One of Cloutchain’s first artists was musician Tate Logan. “He has a pretty good online following last I checked. I think he had about 80,000 Tik Tok followers” said Nielsen.
Logan wanted “a way to reach [his] audience that provided more flexibility and gave more monetization than somebody might get just from making posts on Instagram and trying to generate ad revenue,” said Nielsen. “We worked with Tate and his manager. They really helped us bring our first proof of concept to market. We learned a lot from that.”
Musicians (or any influencer) can offer exclusive NFTs that grant access to any number of perks, like one-on-one time with the musician, or accompanying physical merchandise, or back-stage access, and more.
Think of it as an NFT marketplace crossed with Patreon-style fan engagement.

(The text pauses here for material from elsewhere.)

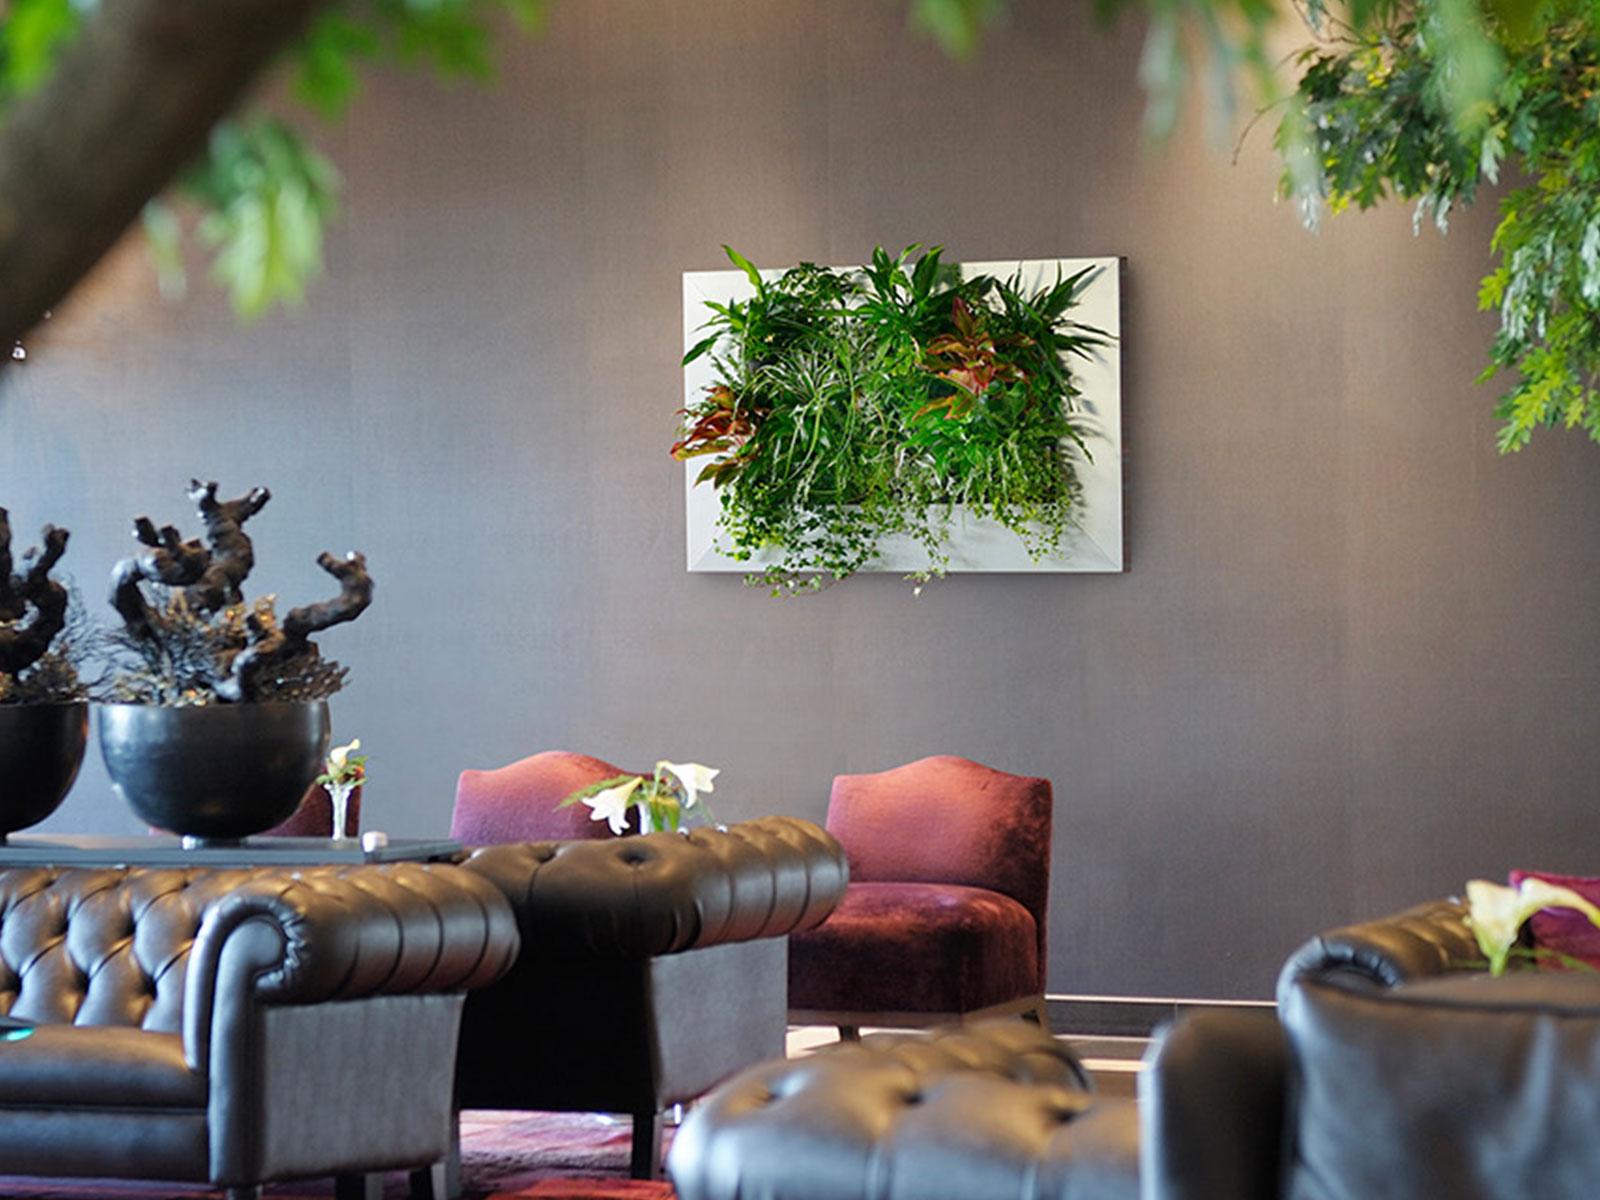 Wandbegrünung Innen Selber Machen pflanzenbilder hydroflora kleinode im grünen kleid

Unlike many other NFT platforms, Cloutchain makes it easy enough for average fans. Neither the musician nor the fans need to know anything about NFTs. All sales are denominated in US dollars and artists are paid in dollars. Users have the ability to take custody of their NFTs if they choose, but Cloutchain will happily host the entire experience for those hesitant to dive into NFT self-custody.
Nielsen has been working with the University of Utah’s Master of Business Creation program for the past six weeks to develop the startup. “It's a pretty new program, and it's essentially an accelerator meets a degree program. Through that program, I have access to great resources through world class mentoring from current founders, past founders, investors, advisors and more.”